Нина презрительно пожимает плечами.
— Что ж, вы можете радоваться.
— И радуюсь, как видите. Наконец умный, человеческий, просто европейский поступок. Вообще-то, мадемуазель, любовь — вещь весьма сомнительная. Да ещё у молоденькой девочки к человеку, который почти вдвое старше её. Ну, что ж, поживут лет десять, а там… Она найдёт себе более молодого. Но зато как поживут! Не то, что в бразильских лампасах, на хуторе, в диких тропиках, в милом обществе скорпионов, гадюк и лихорадок. Идиот же он был! И уже, знаете ли, покупает виллу под Парижем. Женщине дороже всего наряды и драгоценности. Музыка, театры, рестораны, дансинги, толпы поклонников. Путешествия, экскурсии; авантюры! Вот это жизнь! Это нормально, разумно и справедливо!

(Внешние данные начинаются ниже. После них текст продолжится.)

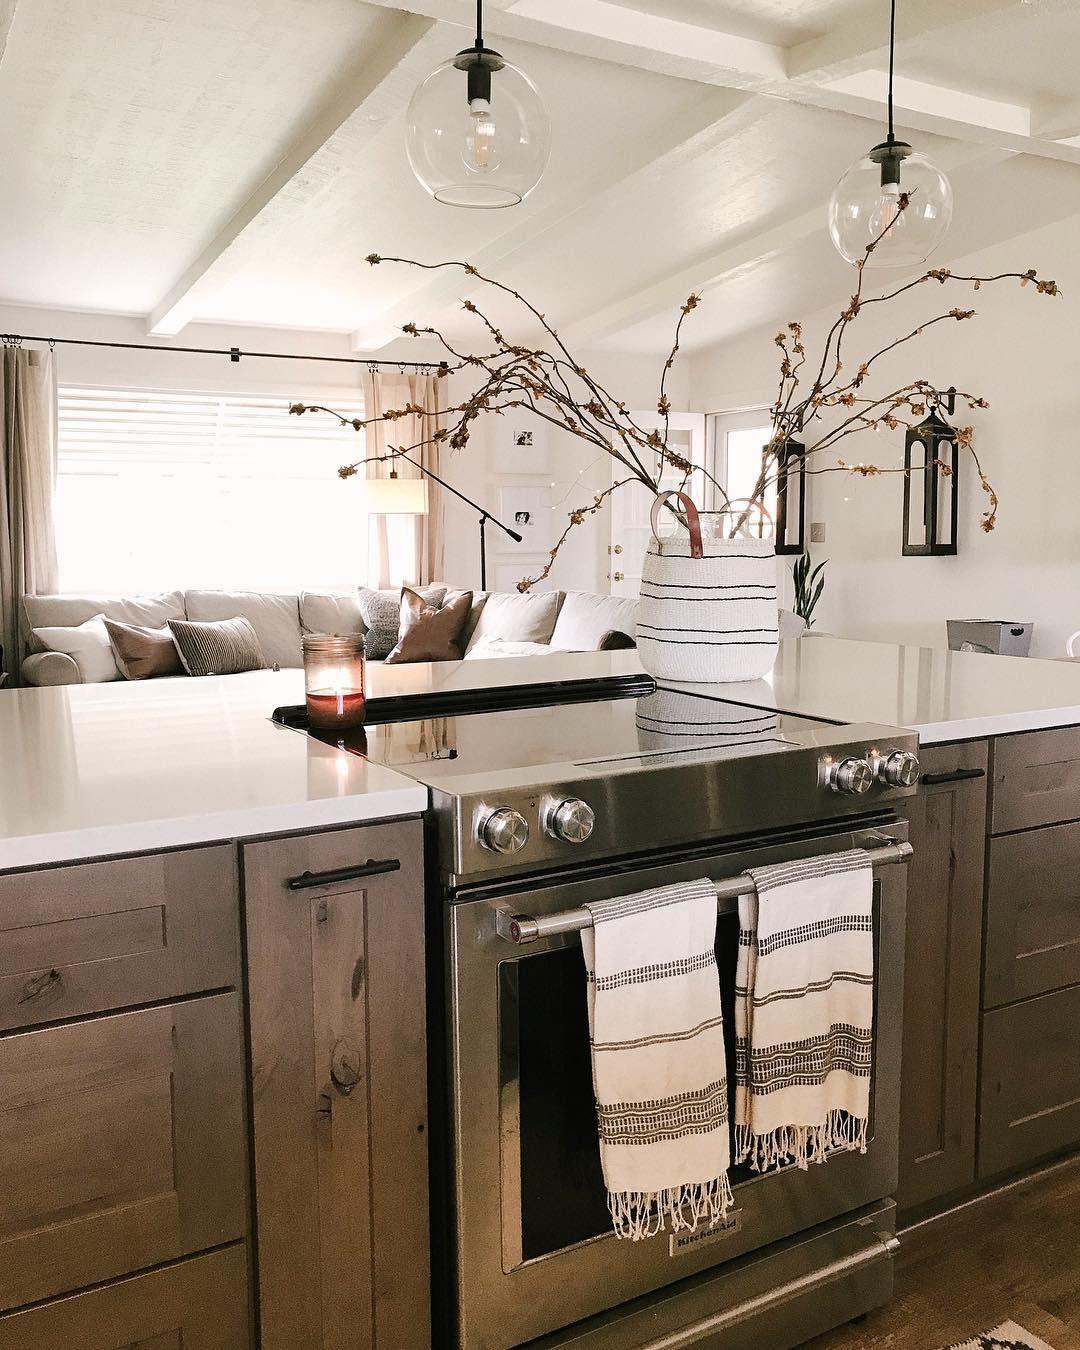 Utahrealestate Com Wfr Multiple Listing Service Searches Grey Kitchen Walls Home Decor Kitchen Home Kitchens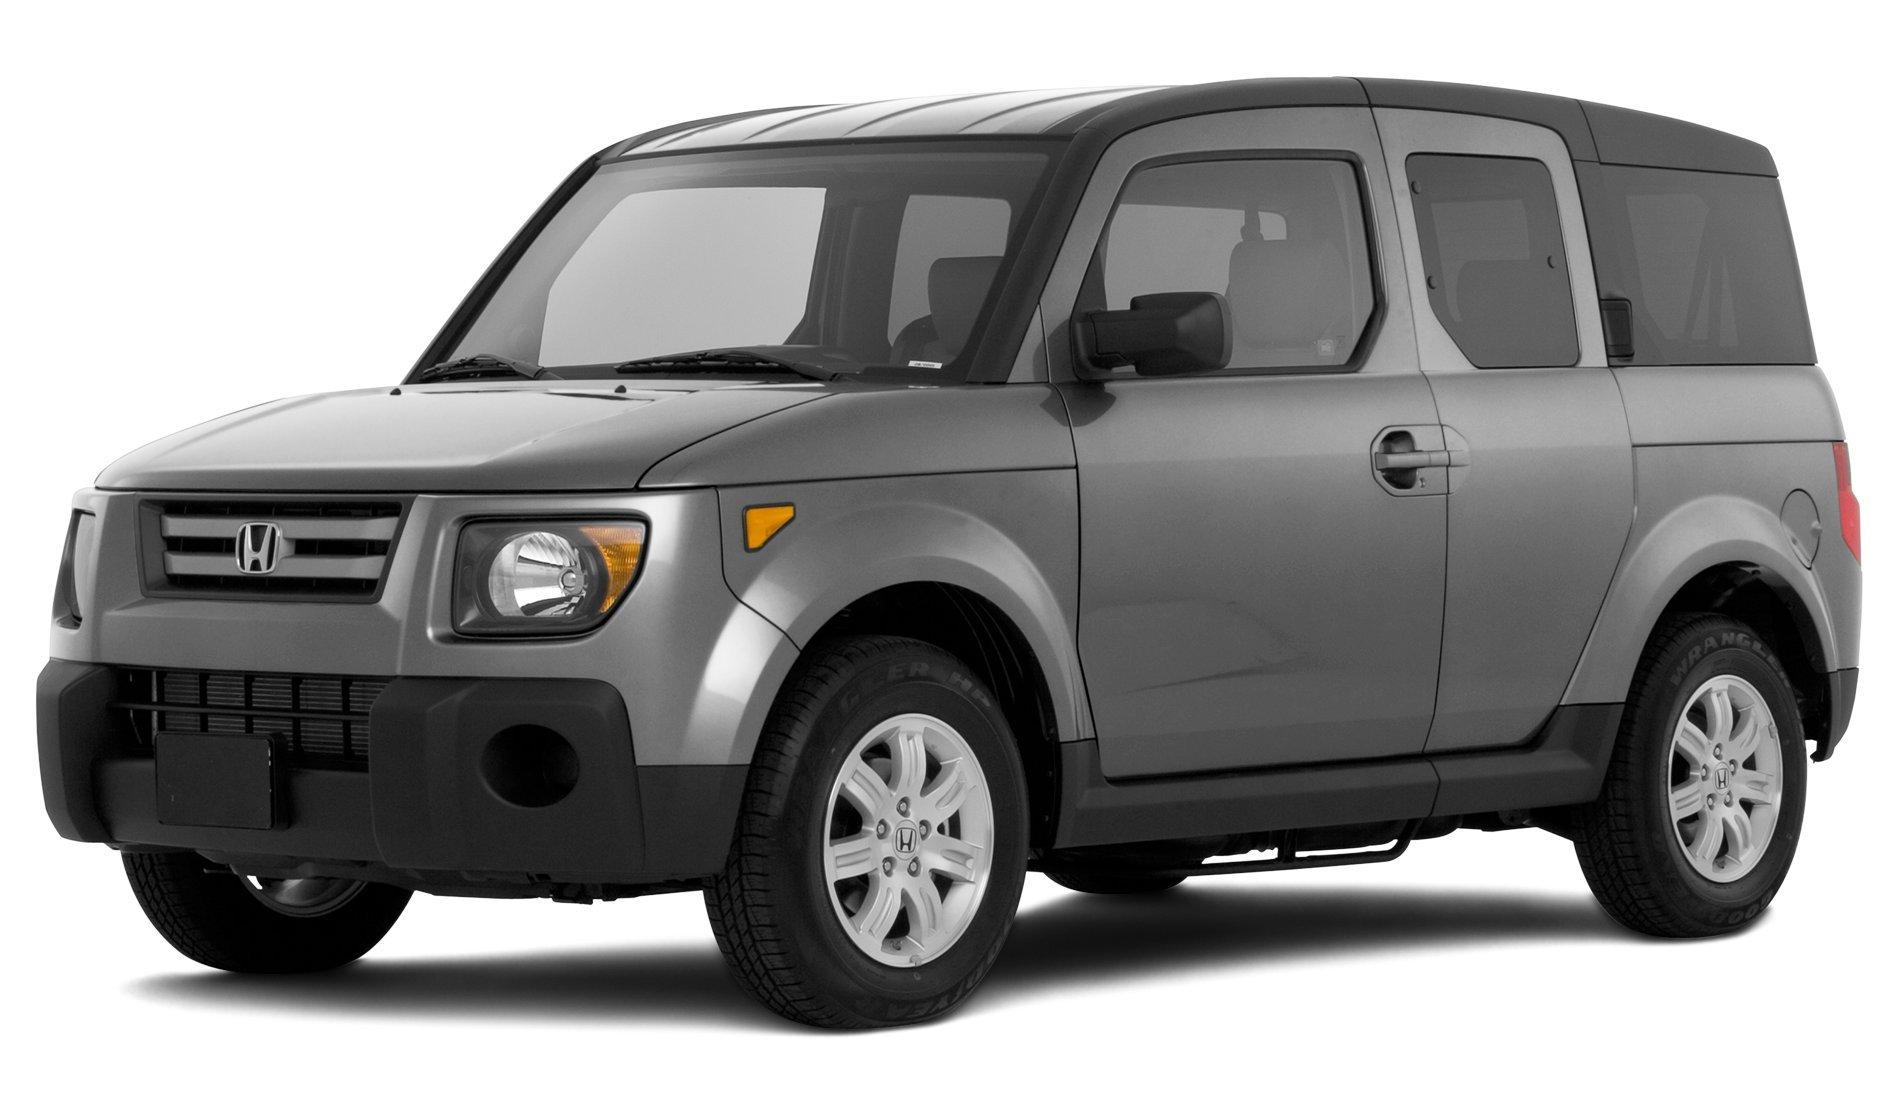 2008 Honda Element EX, 2-Wheel Drive 5-Door Automatic Transmission

Нина недоверчиво смотрит на Крука.
— Правда же, мадемуазель Нина? По совести? Как вы думаете? Ну, согласитесь же, что это идиотизм, безумие, психическая болезнь — эта идея Бразилии, занавесочек на окнах, коровок, добропорядочной молодой жёнушки с ребёночком на руках, какой-то новой жизни. Ну, правда же, мадемуазель? Ну, представьте себя на месте этой девушки. Что бы вы избрали? Жизнь в Париже, в Европе, культуру, роскошь или какие-то дикие лампасы или пампасы, чёрт их там знает. А? Погодите, я объясню конкретнее. Представьте себе, что я, ну, вот я, что это у меня такая симпатичная идейка и я влюблён в вас, люблю вас. Представьте только на минутку. И вот делаю вам предложение: Париж, культура, вилла, авто и всё такое прочее. Или: Бразилия, лампасы, труд в поте лица, скорпионы, гадюки и прочая идиллия. Что выберете? А?
Крук видит, как смуглые щёки Нины и шея горячо краснеют. Она странно смотрит ему в лицо и вдруг гневно, резко отворачивается к машинке. Поражённый Крук шагает к ней.
— Мадемуазель! В чём дело? Вы обиделись?
И нетерпеливо, с досадой оглядывается. Какой-то наглец без стука открывает дверь и входит в кабинет. Ну вот, чёрт принёс Финкеля именно в эту минуту!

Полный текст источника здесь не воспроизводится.